Extracted records:

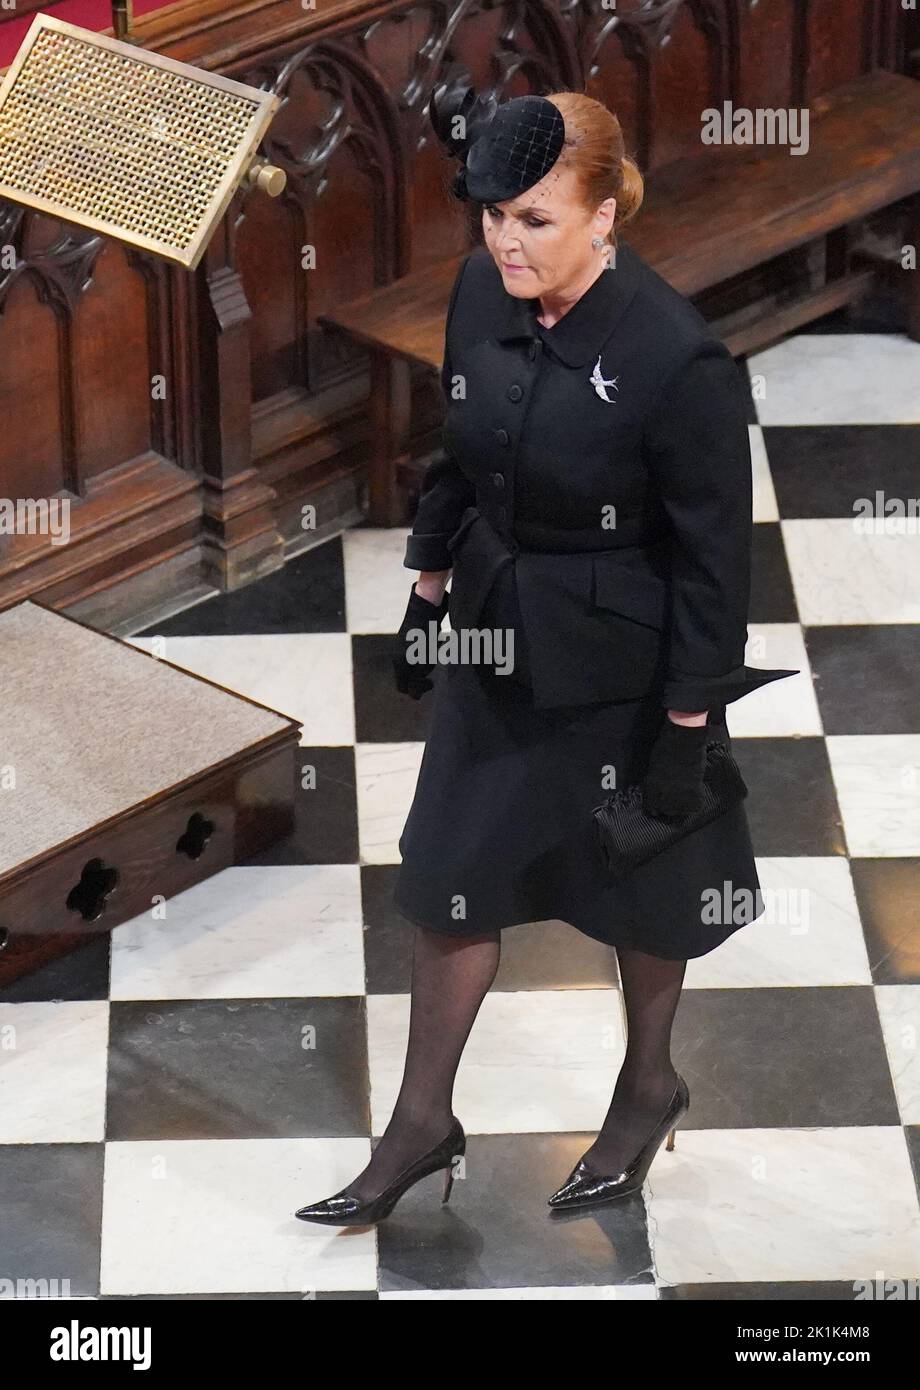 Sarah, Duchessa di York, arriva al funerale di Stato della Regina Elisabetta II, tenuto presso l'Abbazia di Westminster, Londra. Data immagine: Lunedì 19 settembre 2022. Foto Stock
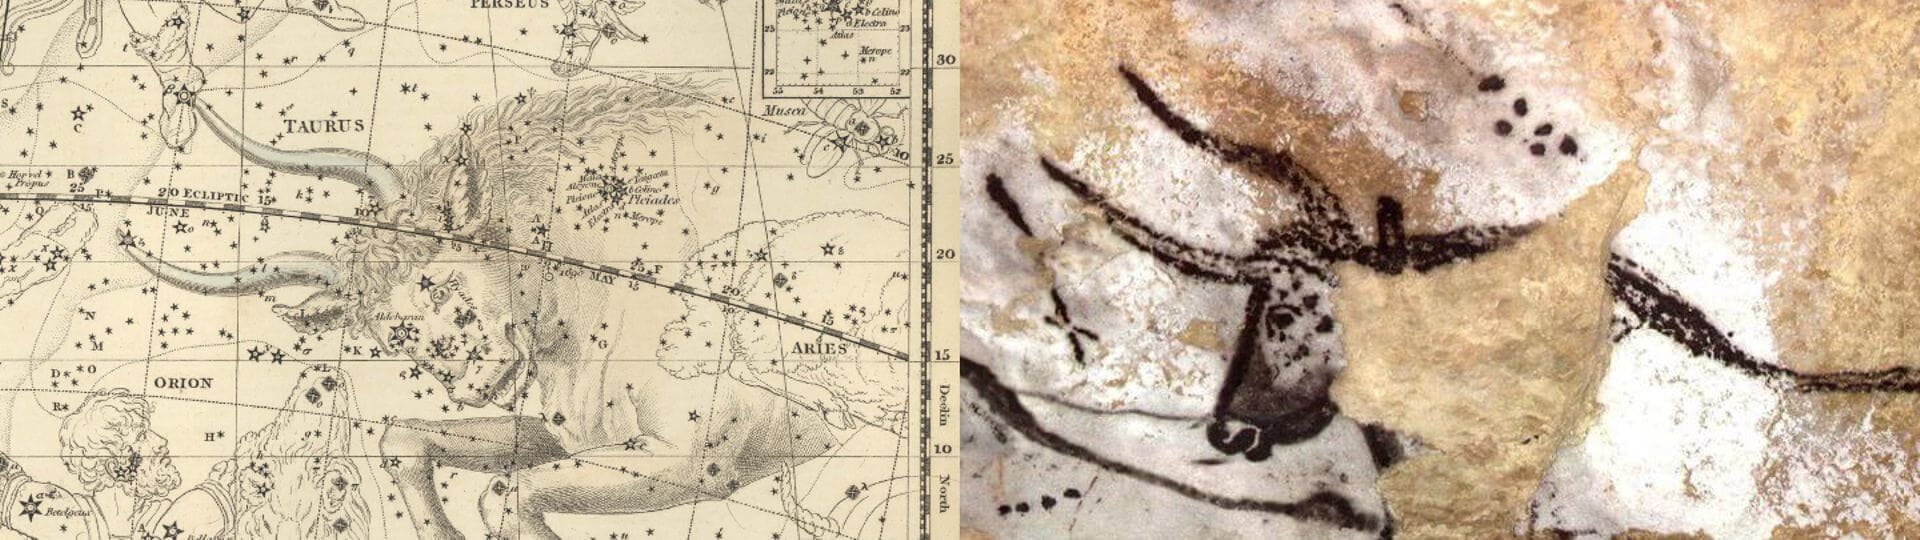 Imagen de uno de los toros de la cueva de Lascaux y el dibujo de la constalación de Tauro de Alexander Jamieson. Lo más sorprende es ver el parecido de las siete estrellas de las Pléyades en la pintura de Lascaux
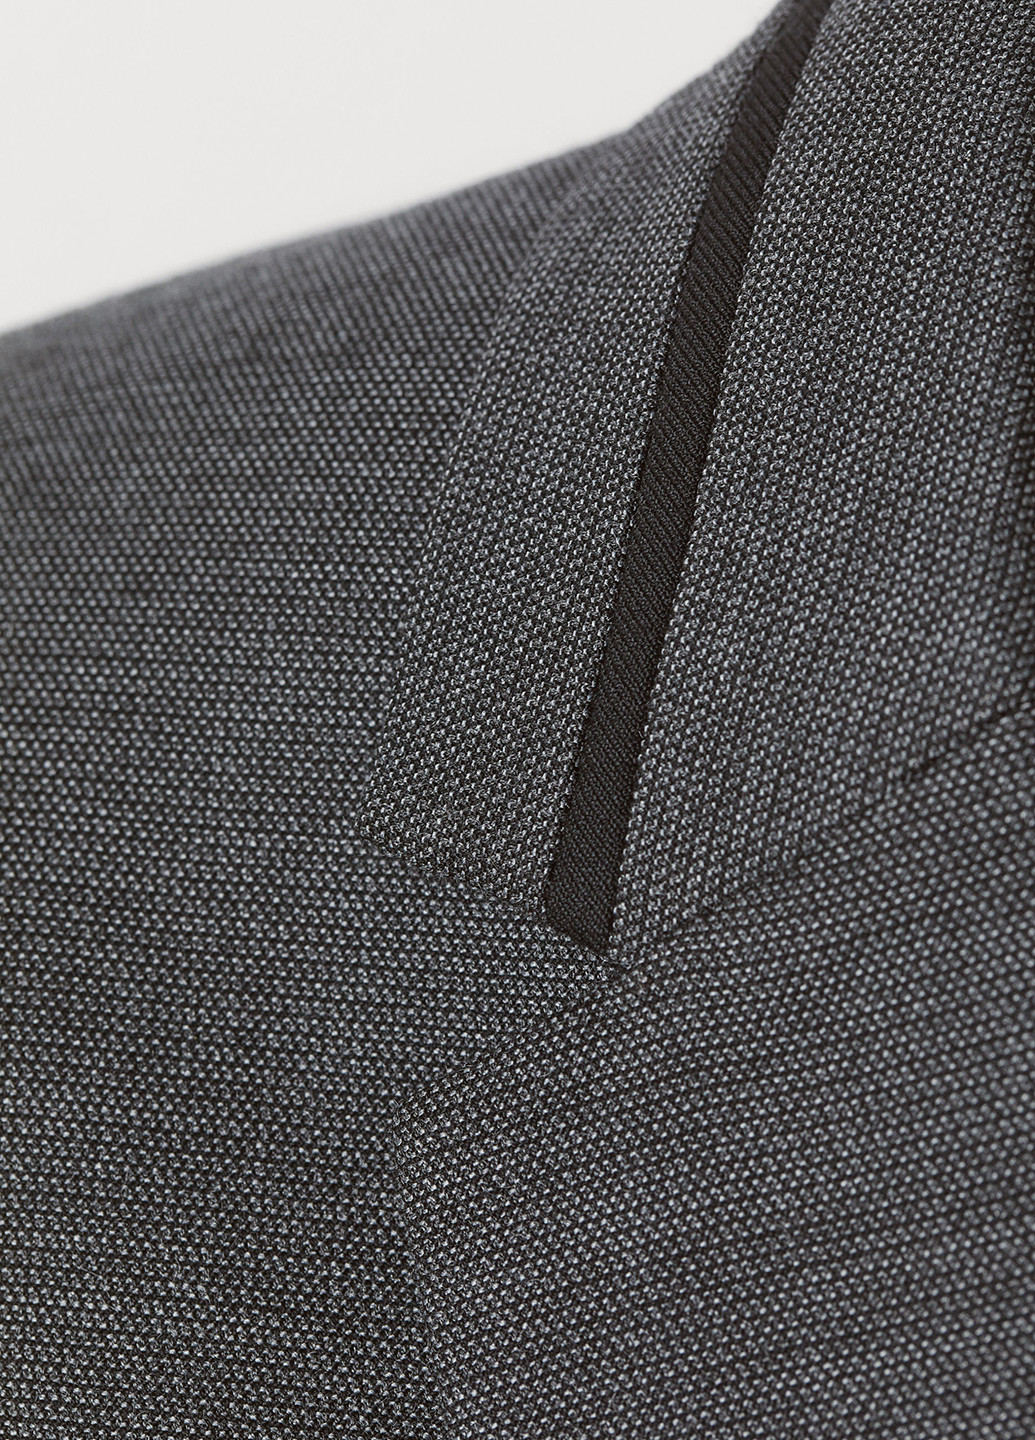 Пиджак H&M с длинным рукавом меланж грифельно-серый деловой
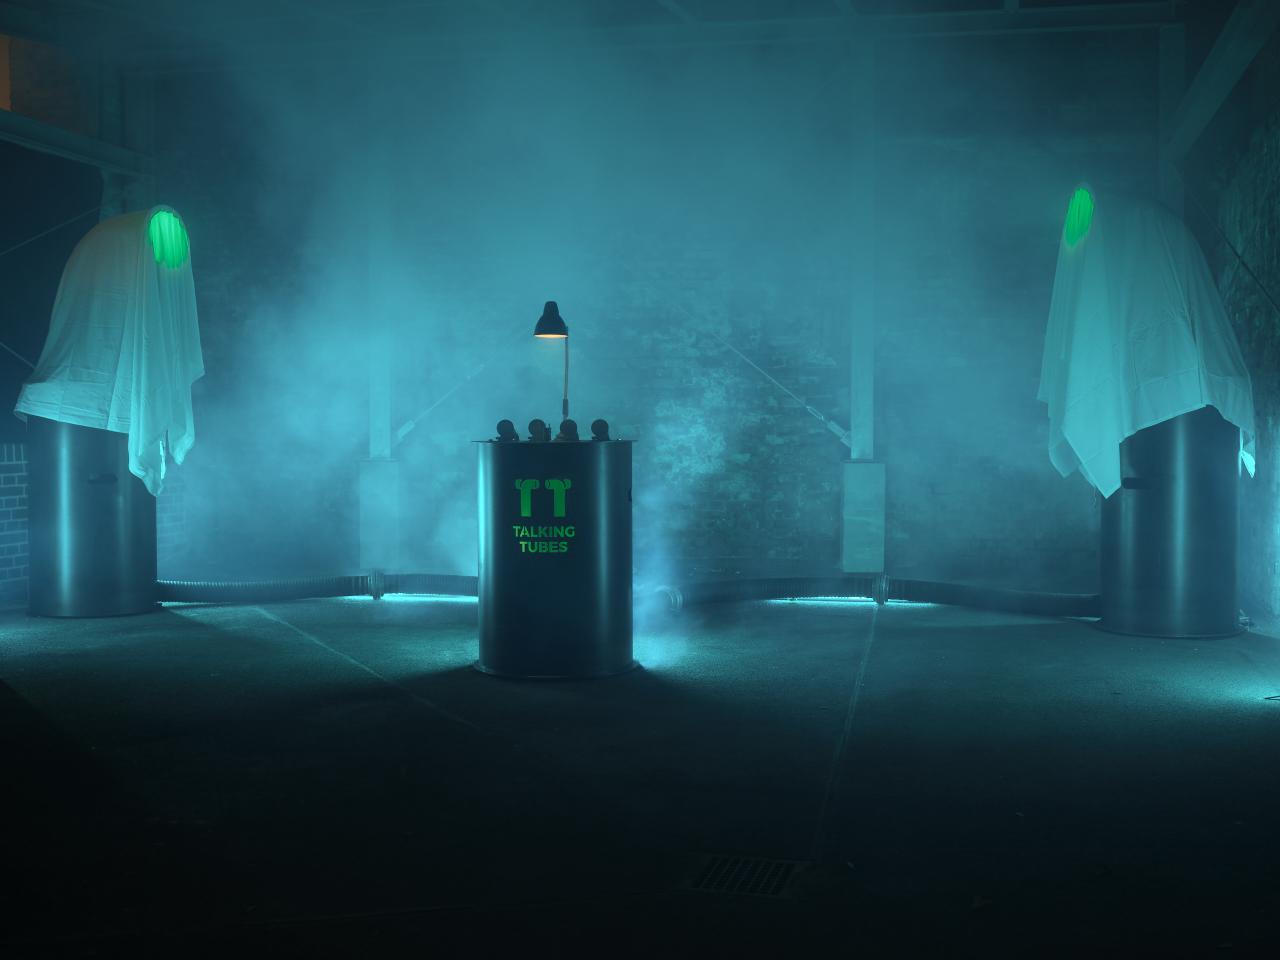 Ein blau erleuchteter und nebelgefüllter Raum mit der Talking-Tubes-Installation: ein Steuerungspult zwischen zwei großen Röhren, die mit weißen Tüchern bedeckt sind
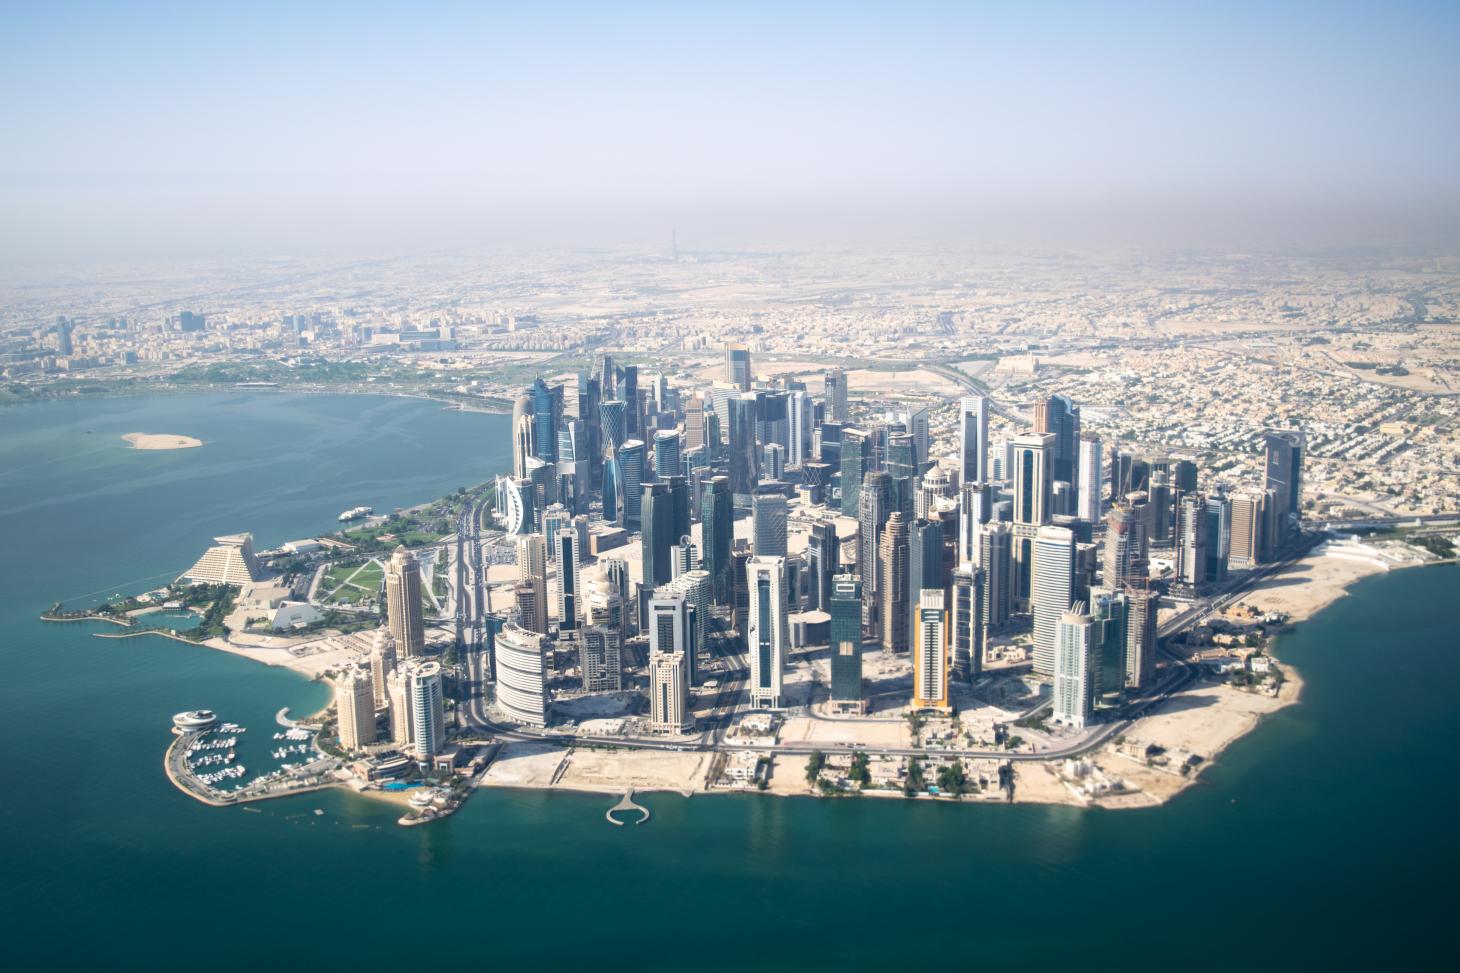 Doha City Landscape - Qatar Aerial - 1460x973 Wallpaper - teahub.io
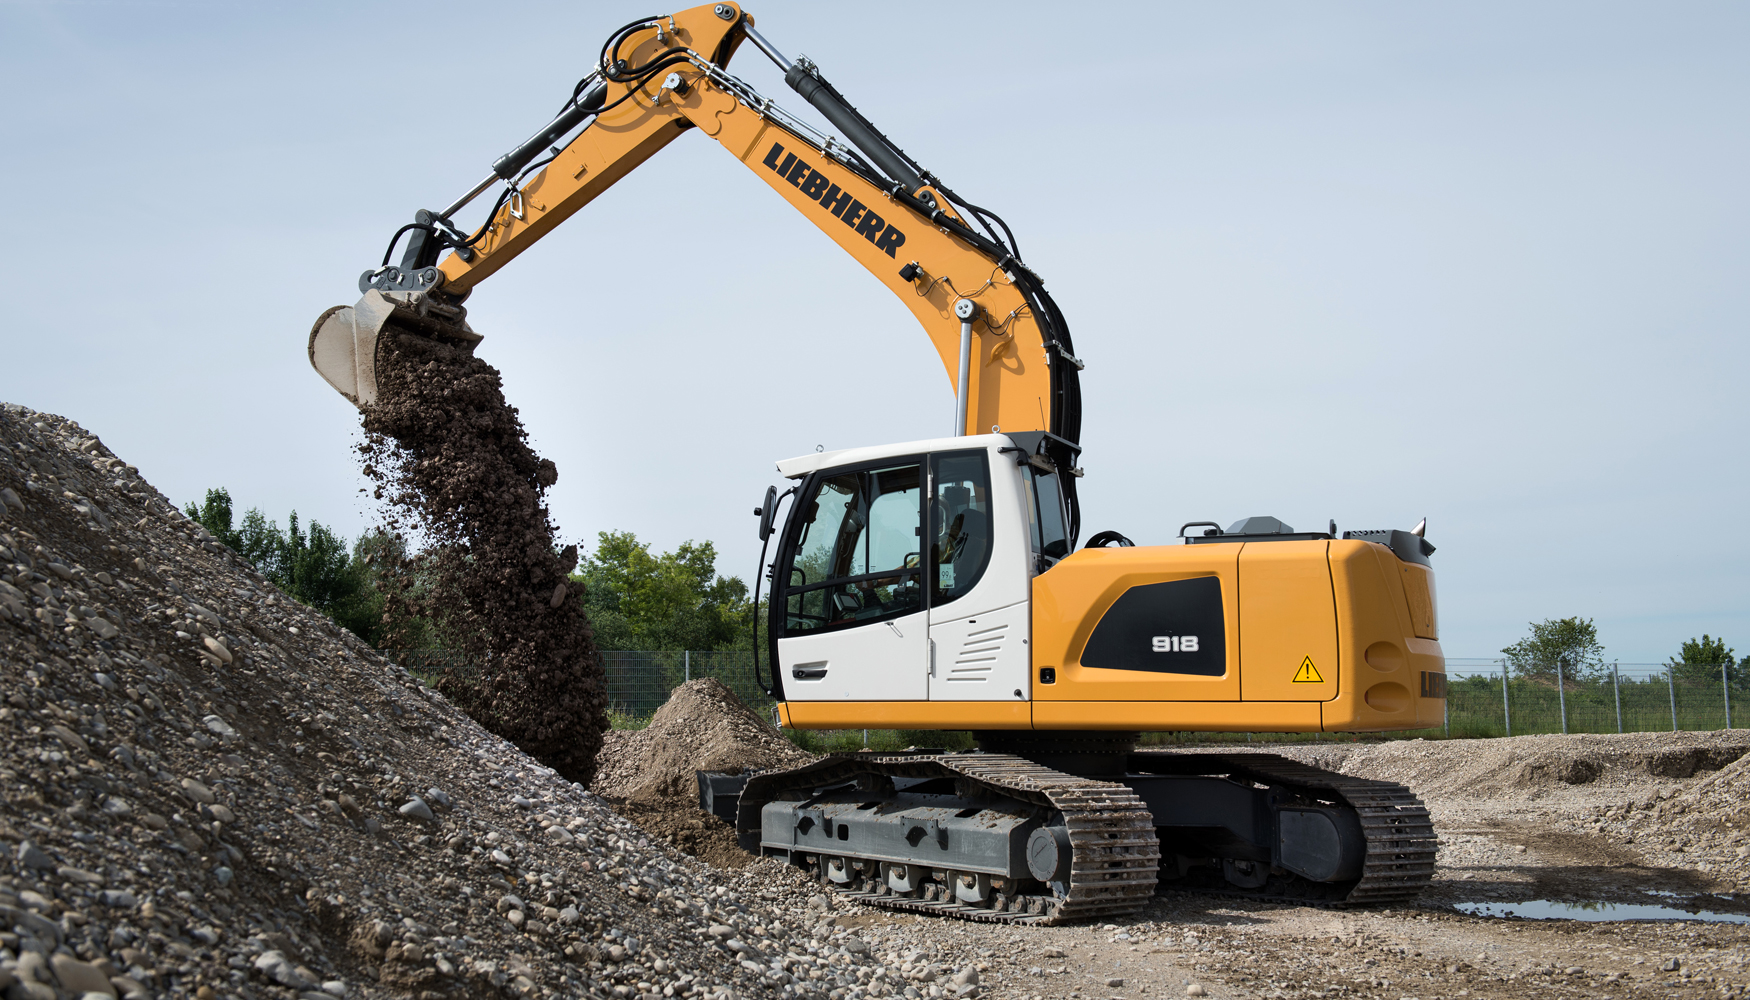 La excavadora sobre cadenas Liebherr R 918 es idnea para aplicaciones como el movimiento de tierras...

Aim of the exercise:
Nothing but the lines from the one containing "Ein blau erleuchteter" through the end of the entries should be written out, exactly and without pictures.

Result:
 Ein blau erleuchteter und nebelgefüllter Raum mit der Talking-Tubes-Installation: ein Steuerungspult zwischen zwei großen Röhren, die mit weißen Tüchern bedeckt sind
 Doha City Landscape - Qatar Aerial - 1460x973 Wallpaper - teahub.io
 La excavadora sobre cadenas Liebherr R 918 es idnea para aplicaciones como el movimiento de tierras...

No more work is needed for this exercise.